Data records
╔══

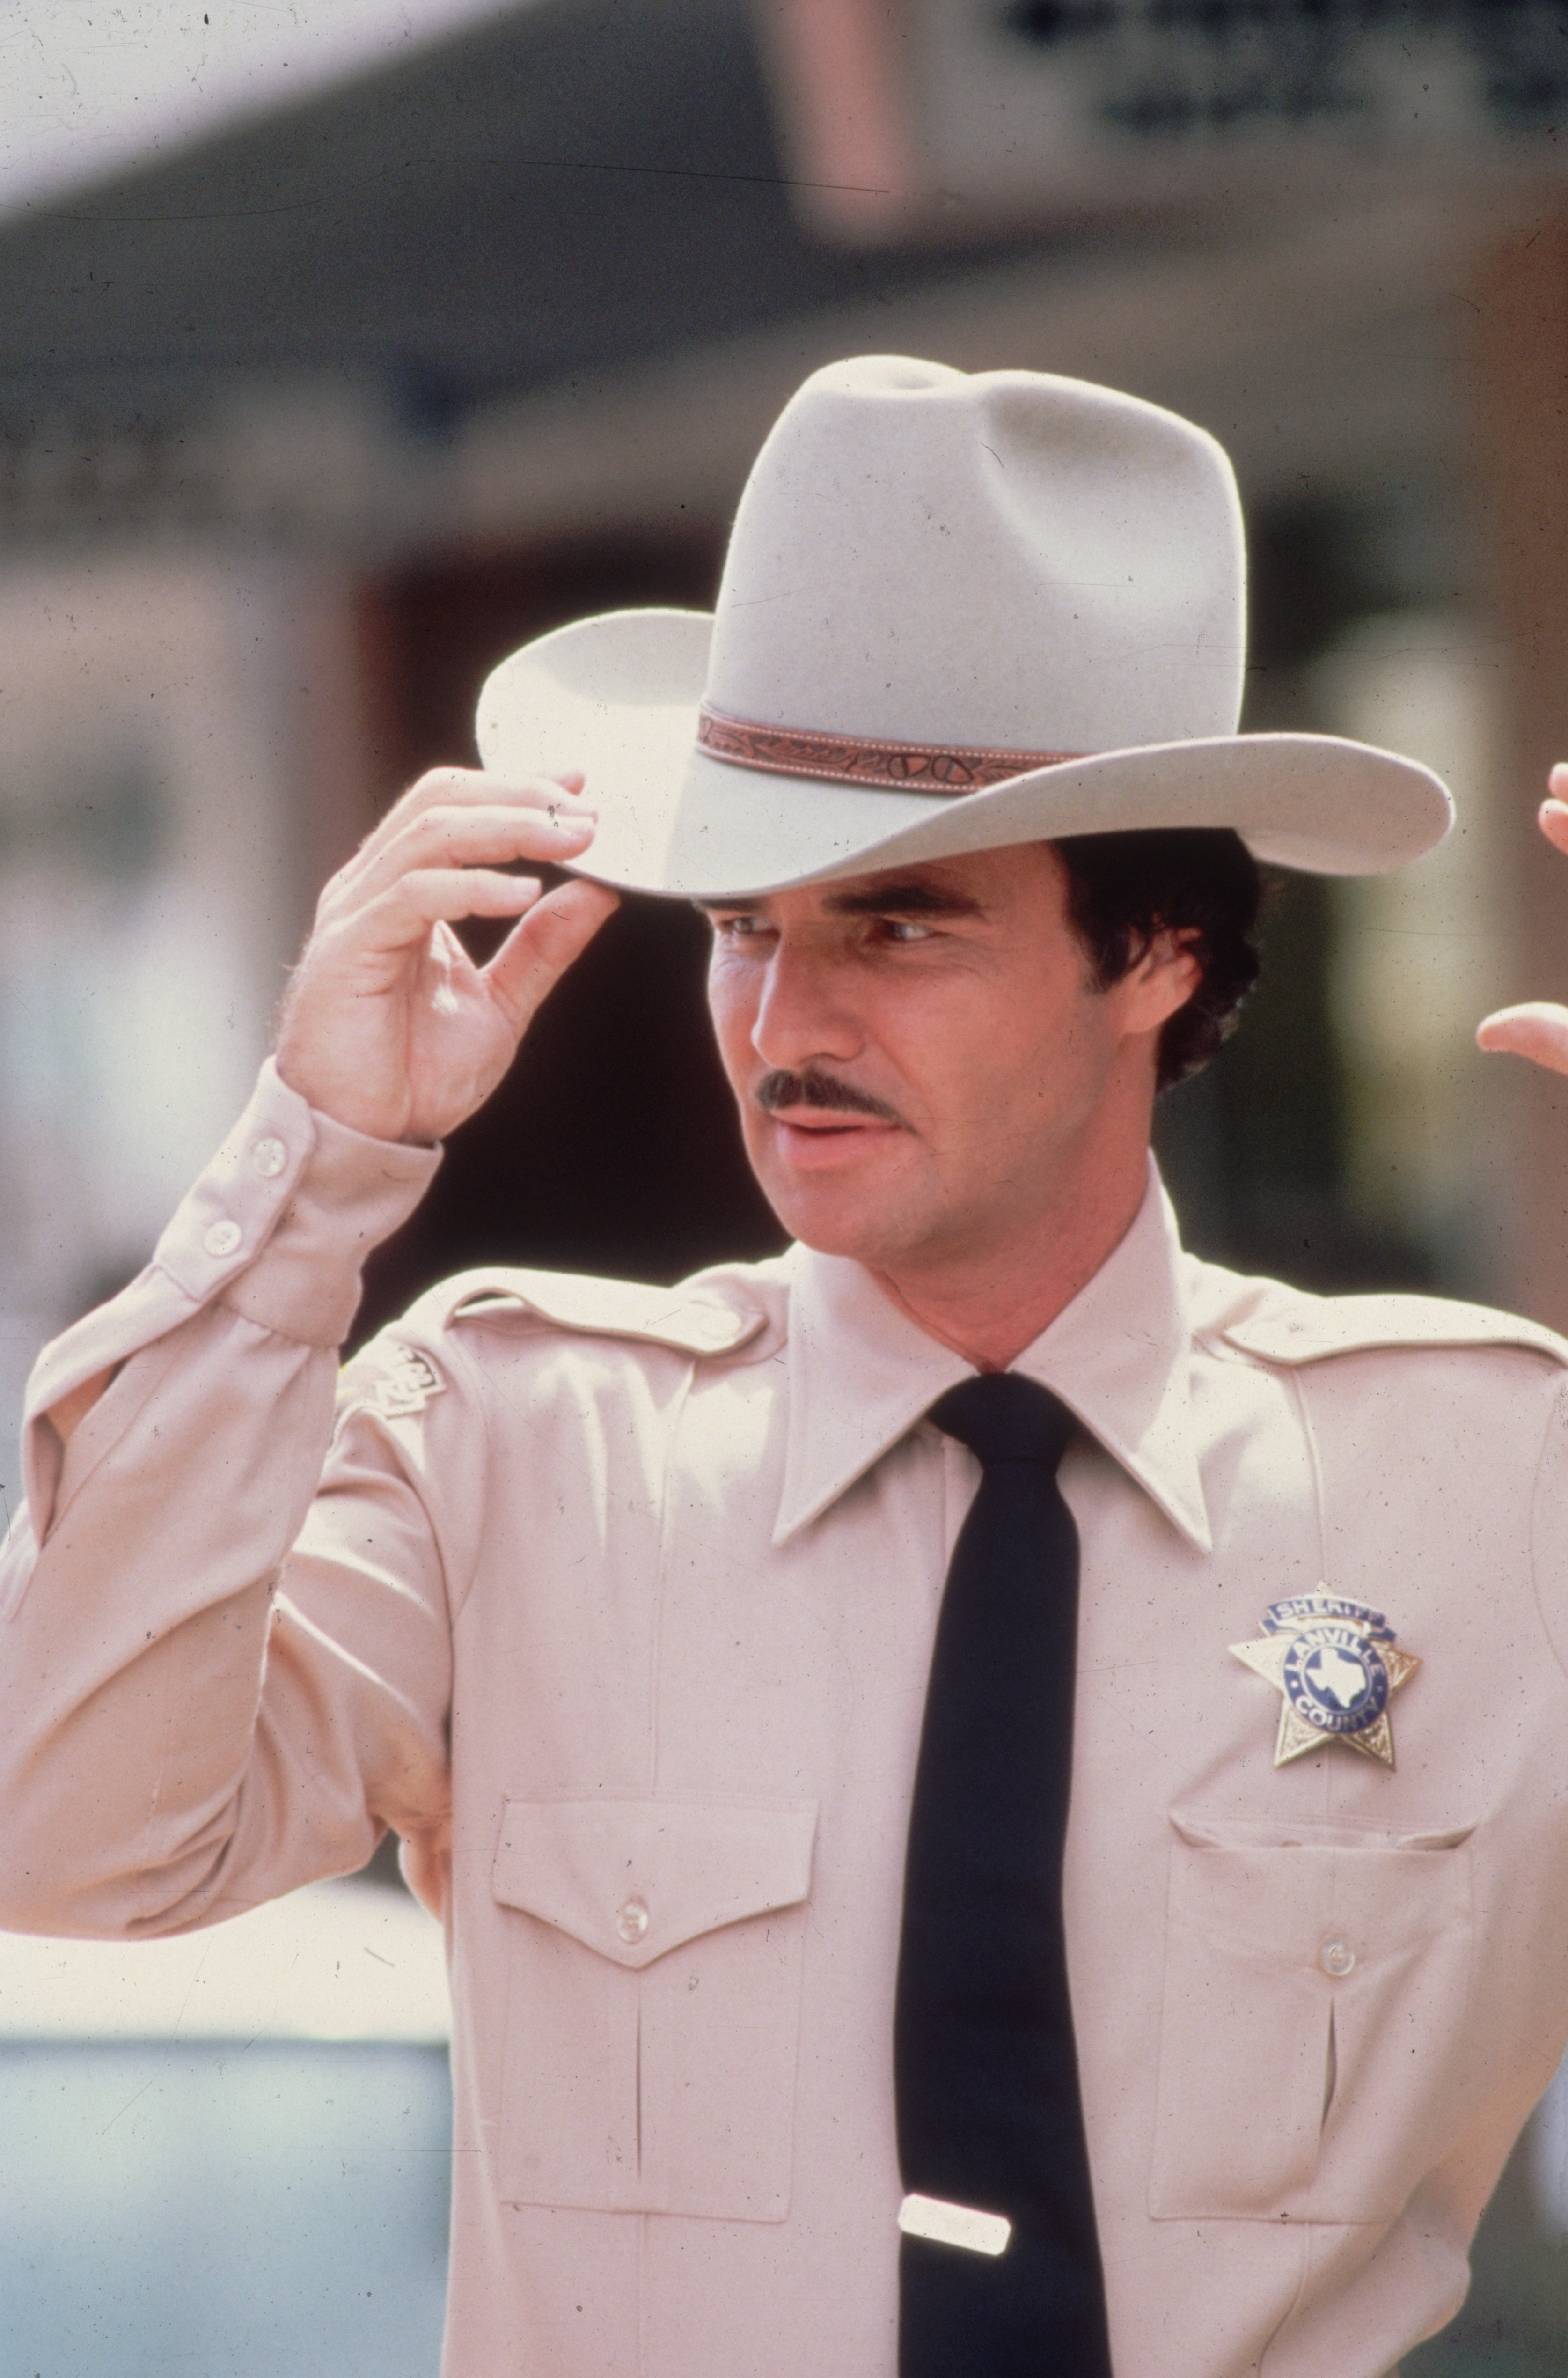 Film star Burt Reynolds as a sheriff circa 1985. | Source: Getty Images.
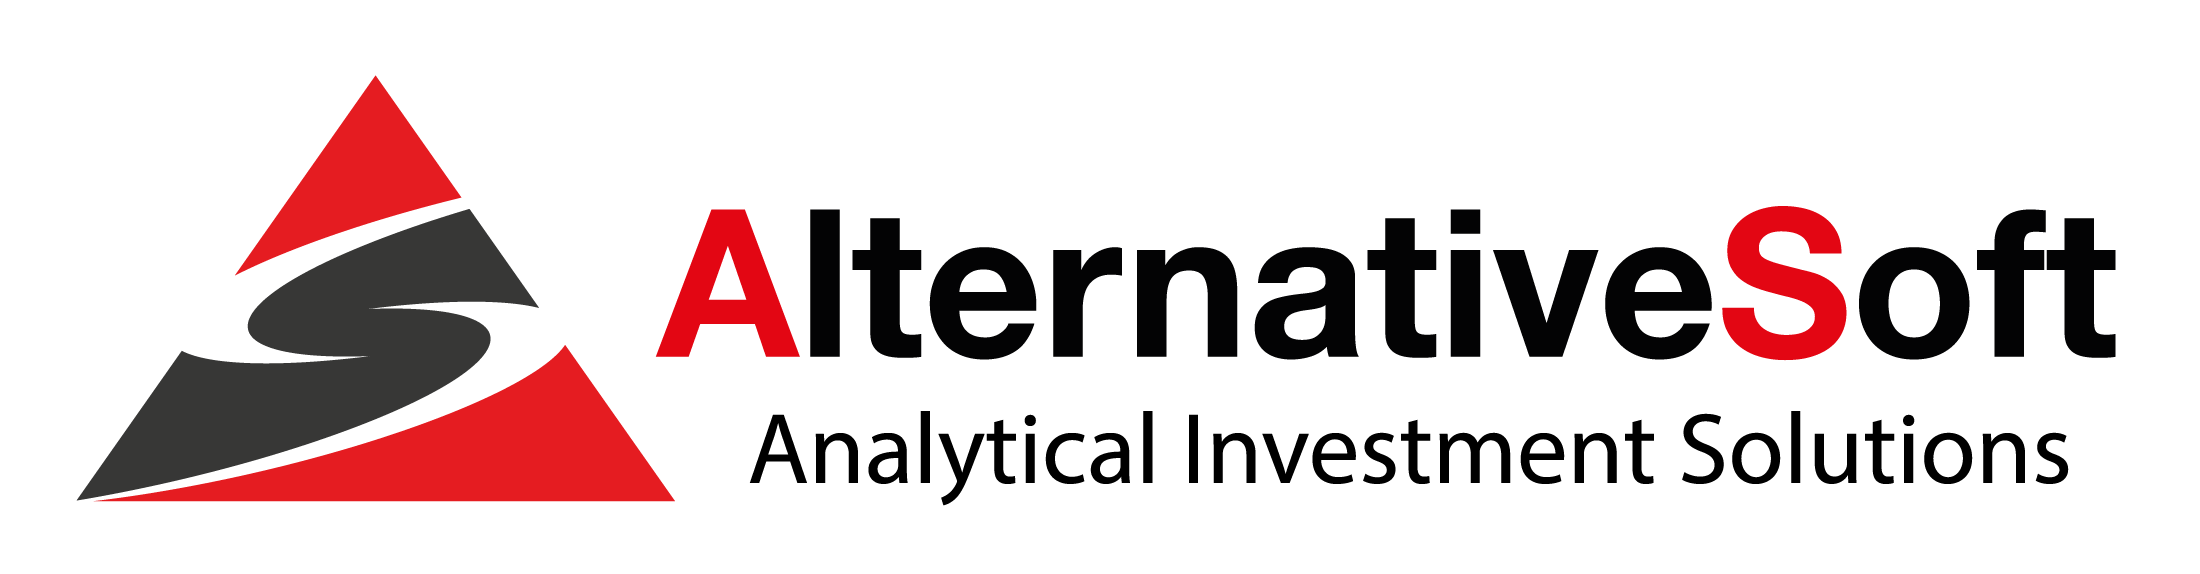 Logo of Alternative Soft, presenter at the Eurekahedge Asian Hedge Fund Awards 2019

╚══
╔══

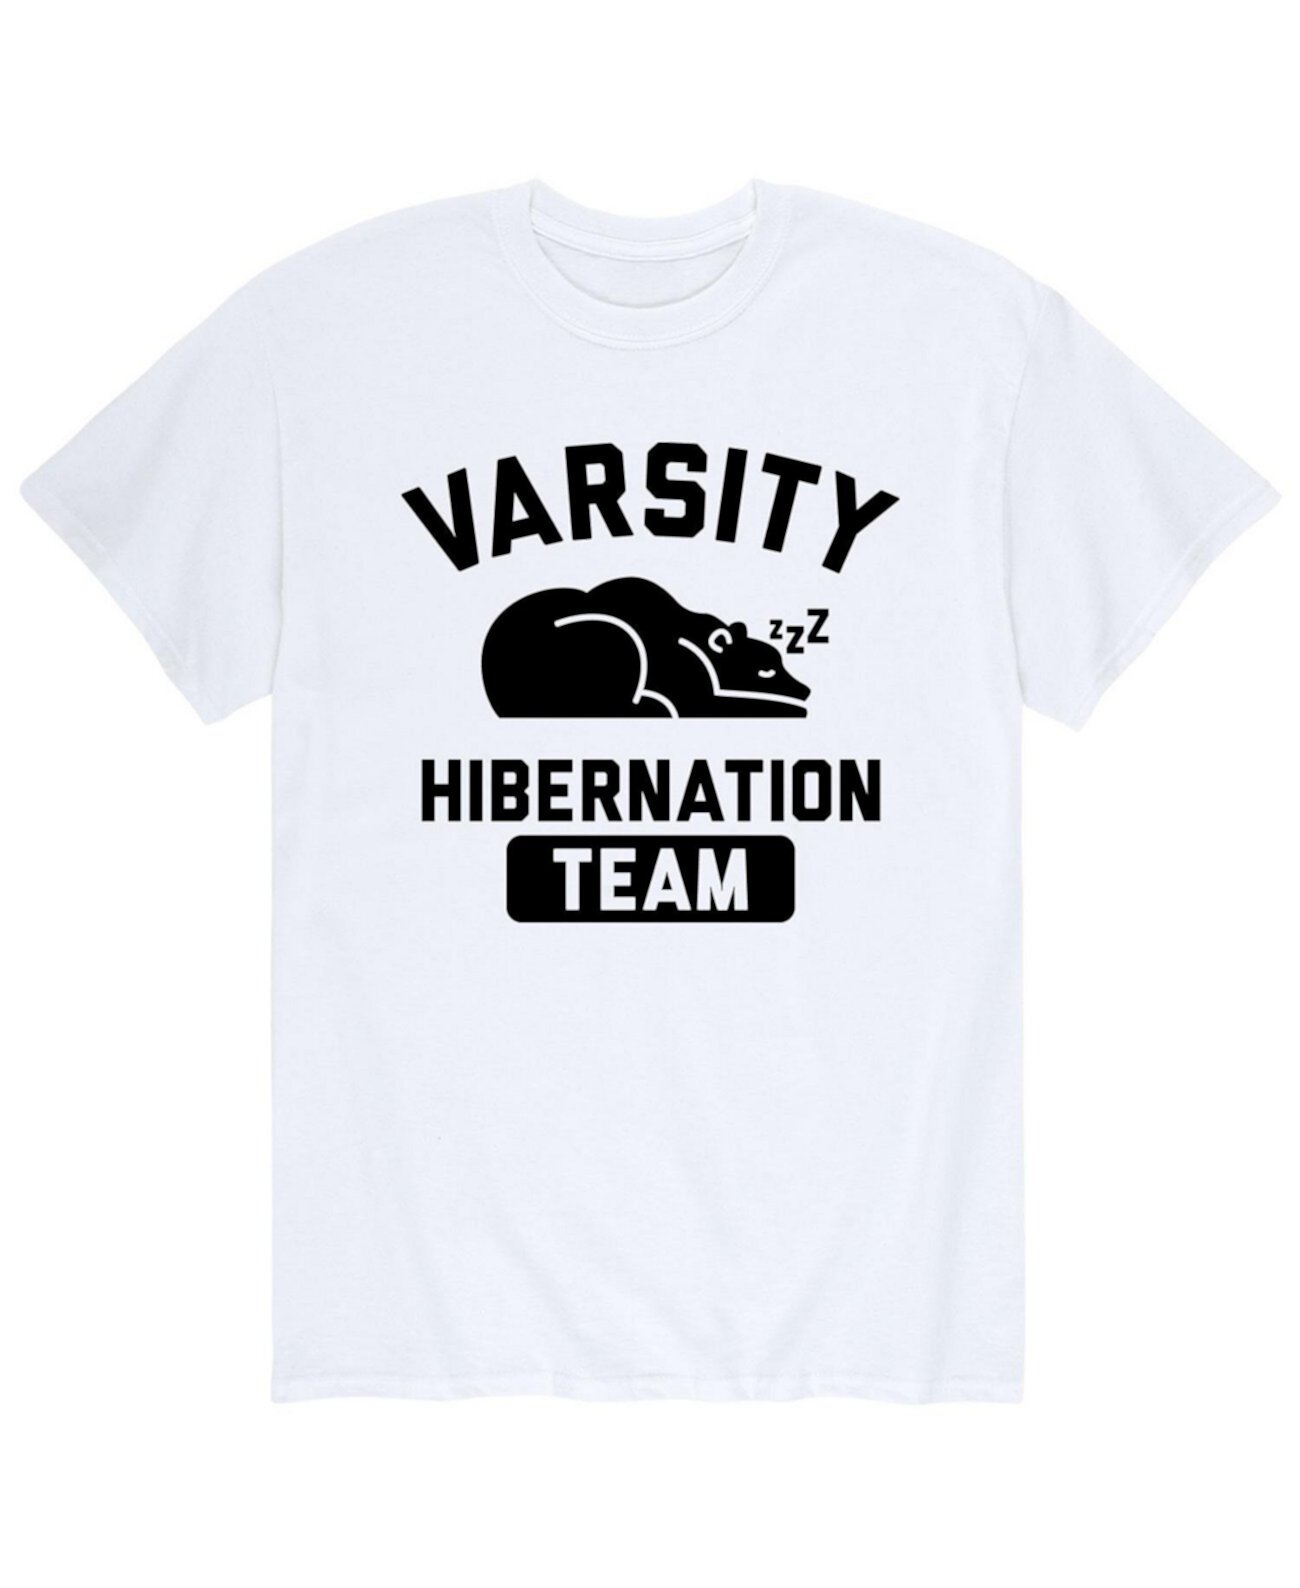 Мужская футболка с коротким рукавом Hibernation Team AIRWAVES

╚══

Task instructions
Would you copy, word for word, only the lines above from the one containing "Film star Burt" through the one containing "Logo of Alternative", both included, and please leave out the pictures?

Problem solution
 Film star Burt Reynolds as a sheriff circa 1985. | Source: Getty Images.
 Logo of Alternative Soft, presenter at the Eurekahedge Asian Hedge Fund Awards 2019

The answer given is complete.